Royal Natal National Park

It is here in Royal Natal National park that you also find one of South Africa’s highest peaks, Mont-aux-Sources, and the world’s second highest waterfall, Tugela Falls, though some controversially believe it deserves the highest waterfall in the world. Royal Natal National Park offers numerous hiking trails navigating the lush forests and many a babbling brook carved through the park. Royal Natal is not a place to just come and relax. Though an afternoon spent idly in the shadow of the cliffs would not be a wasted one.

If you have the time you could easily spend weeks exploring this beautiful part of the Drakensberg mountains.


With trails carved through forests, along cliff tops and across rivers in this serene pocket of nature, hiking is easily the main attraction in Royal Natal National Park with some of the best Drakensberg hiking on offer. While the most spectacular walks are also the most challenging, there are hiking trails to suit all abilities.
  • The Amphitheater trail to the top of Mont aux Sourses. – Ths trail to the top of Tugela Falls is perhaps one of the most spectacular in the Drakensberg The views aare incredible with a valley ridged in textures of mossy greens rising into the folds and furrows of the cliff face and upward to the escarpment blanketed in sheaths of golden grass. If you do just one hike in the area, make it this one. Though it is demanding and weather is a major factor to consider.
  • The Tugela Gorge hike. One of the more popular walks in Royal Natal National Park, the Tugela Gorge Trail takes in the sights from below, passing through lush forest and zigzagging across the Tugela River in the shadow of the cliff face.The main hiking trail ends at the tunnel, a narrow section of undulating rock that delivers the crystal clear waters further downstream. Getting here requires some rock hopping and it seems many turn back before reaching this point. For the more intrepid hikers though, a small and rarely used trail continues onward via a chain ladder to the right. This path is far more overgrown, you’ll probably take a few spider webs to the face and if your feet aren’t already wet they soon will be as the now very vague ‘trail’ frequently crosses the river and eventually leads towards the base of Tugela Falls. Rock hop as close as you dare.
  • The Cascades. One of Royal Natal National Park’s more relaxed hiking trails, the Cascades is flat and easy walk alongside the Mahai River where bushbuck congregate in the grassy clearings and the delicate arched bridges are straight from a fairy tale. If you’re looking to take the pace down a few notches, but not quite resolved to spending the afternoon curled up in a rocking chair with a warm beverage, this meandering trail is a good option. The Cascades trail continues on to McKinlay’s Pools for those looking to wander a little further.

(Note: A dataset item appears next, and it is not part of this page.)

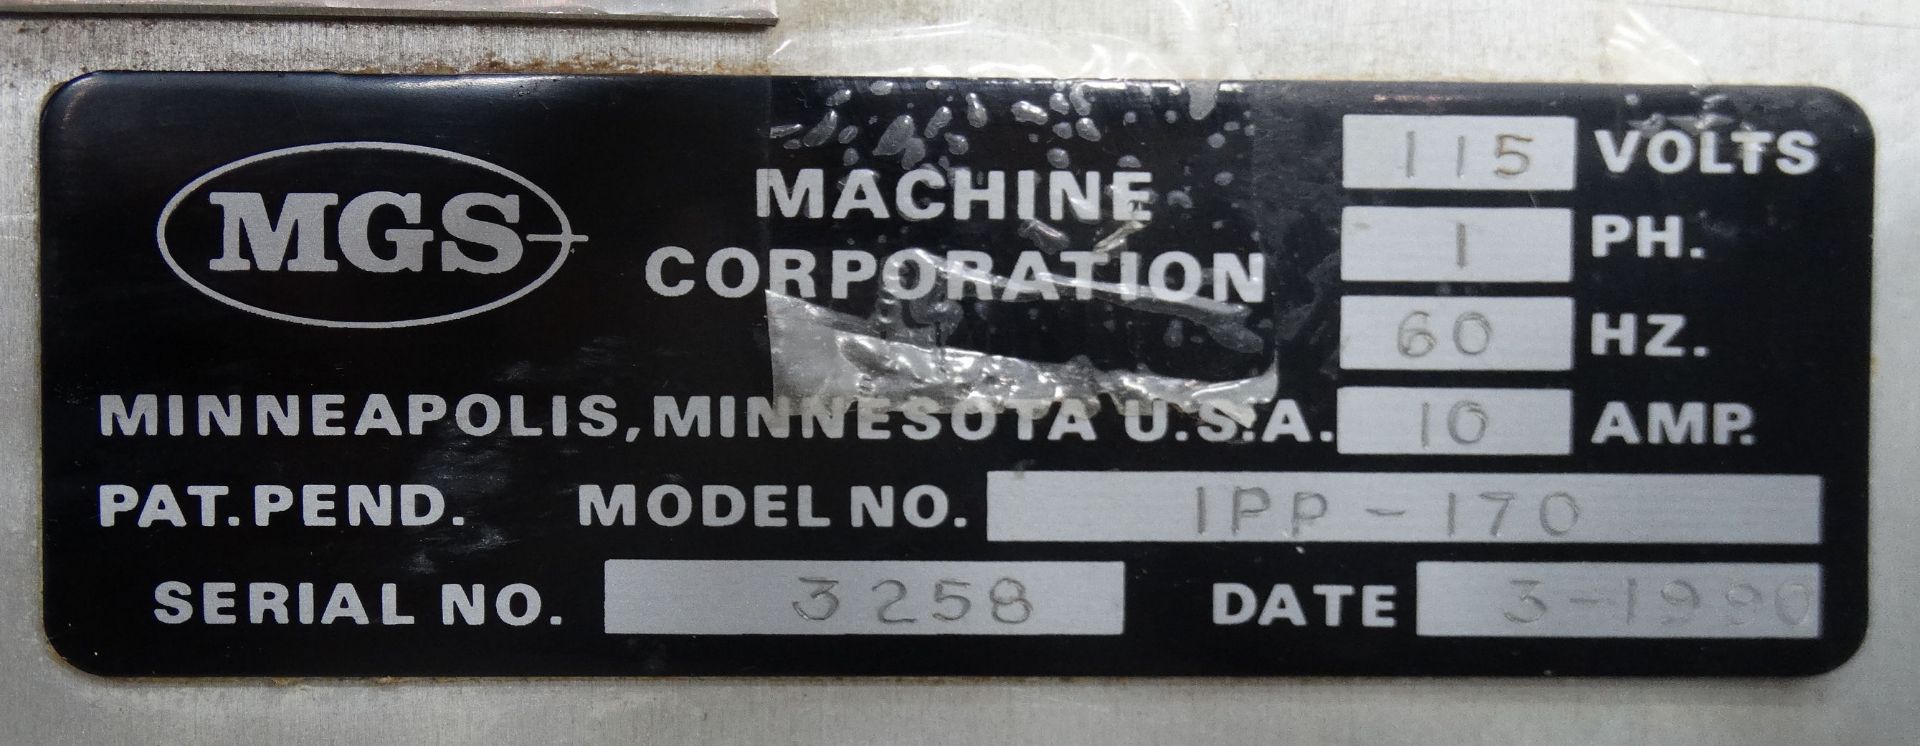 MGS IPP-170 Card Placer B4992 - Image 10 of 10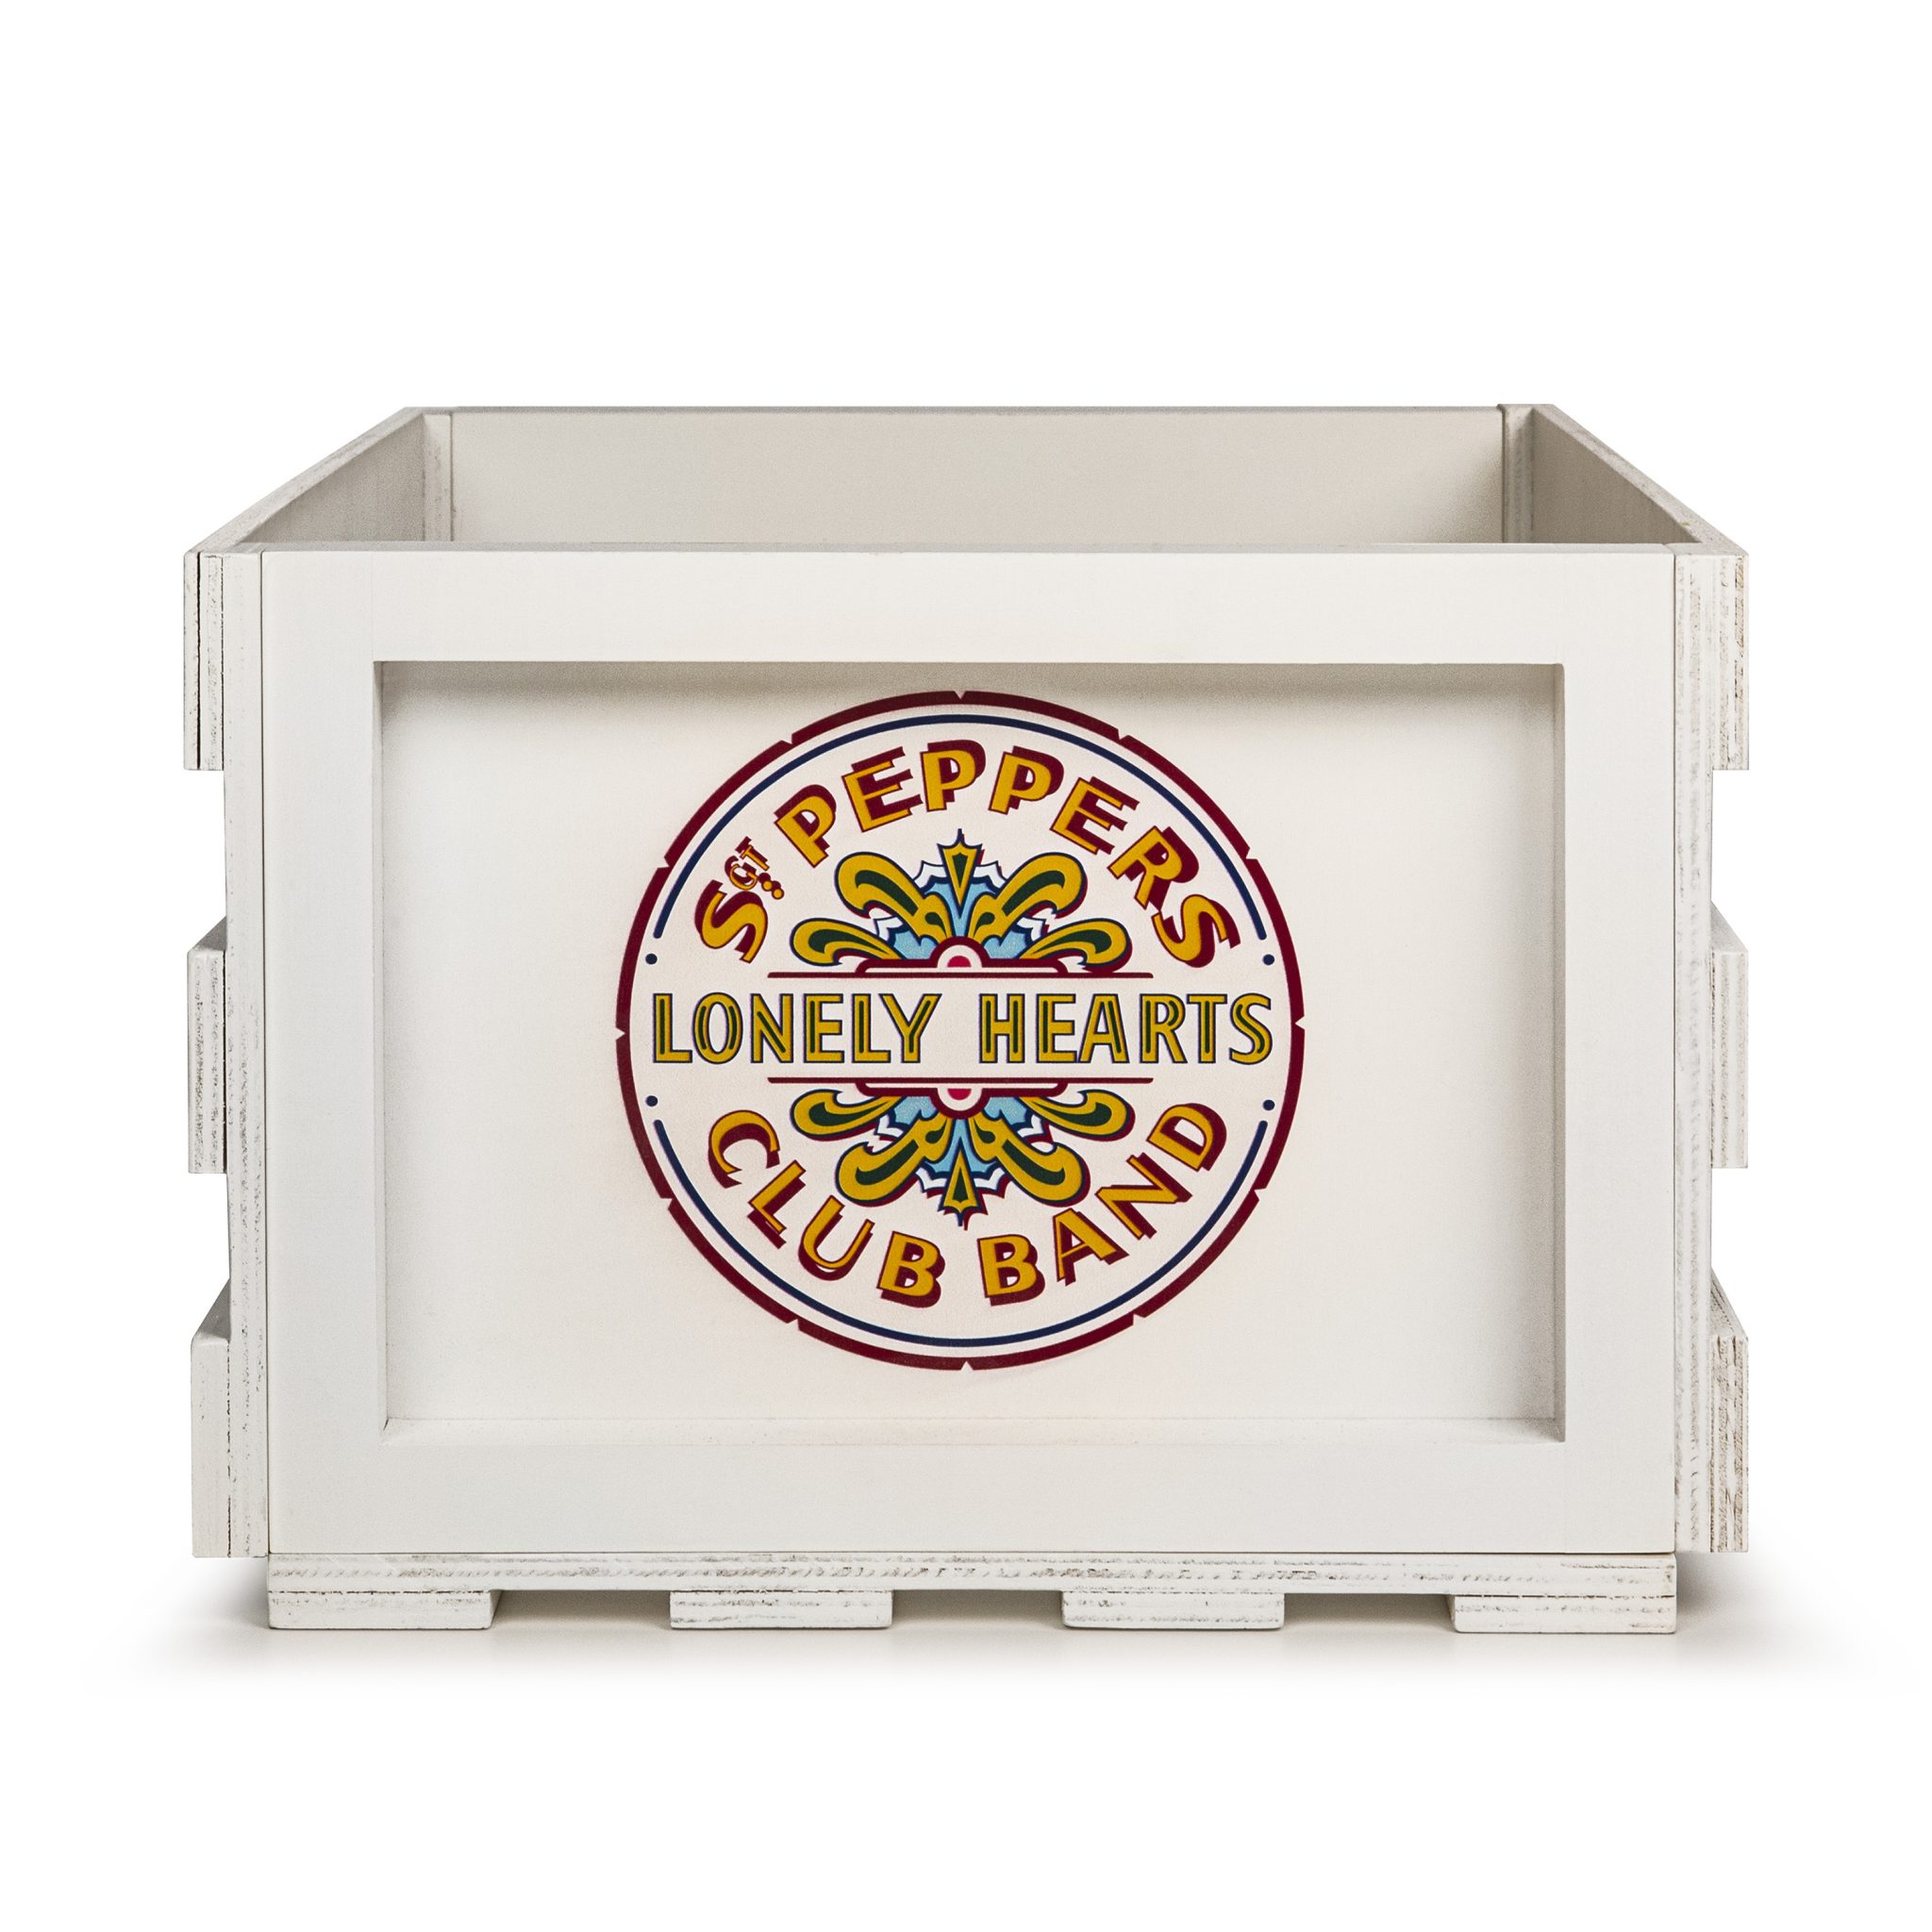 Crosley Radio Renews Beatles License for Additional Branded Products image

  • Inside the park is the perfectly situated Thendele Camp has a number of fully-equipped self-catering chalets (starting at R800 (US$60) per person) with panoramic views over the Amphitheatre cliff face – easily the best breakfast view around.
  • Camping in Royal Natal National Park is also possible with two campgrounds in the park: the spacious Mahai Campground which sits alongside the river, and the smaller and more secluded Rugged Glen Campsite. There are a combined 140 campsites available with barbecue and ablution facilities and a limited number of powered spots at each camp.
  • Just a thirty-minute drive from Royal Natal National Park’s entrance gate we found the Amphitheatre Backpackers Lodge. Set in a large grassy area with views of the mountains, this is a great budget option with quirky decorations throughout the property, wide variety of accommodations options on offer and excellent facilities including several guest kitchens, a barbecue area, pool, jacuzzi, bar and restaurant.
  • Closer to the park entrance, Berghouse and Cottages is a slightly more upmarket option with a gorgeous location looking directly onto the Amphitheatre. Lodgings are in beautiful private chalets with meals available on site.
  • Another budget-friendly option is Karma Backpackers. Located in Kestell, this lovely hostel is the ideal base for the Amphitheatre Hike sitting a little over an hour from the trailhead. Bright, colourful rooms are set around a garden with natural products sourced from the surrounding region made available for guests.


  • The Royal Natal National Park entrance fee costs R45 per person, per day payable at the gate. Closing times are signposted at the entrance gate so be sure to leave enough time to drive back to the gate after your walk, unless of course you are staying at Thendele Camp of camping within the park.
  • The visitor centre has a miniature model of the park showing all the Royal Natal hiking trails and individual brochures outlining each hike which can be purchased for R3 each.
  • If you’re planning to self-cater at your accommodation, we would recommend that you stock up on food and supplies on your way in, either at Bergville or Harrismith, as there are no large shops nearby the park. There’s a small souvenir shop and only limited basic supplies available at both the visitor centre and Thendele Camp.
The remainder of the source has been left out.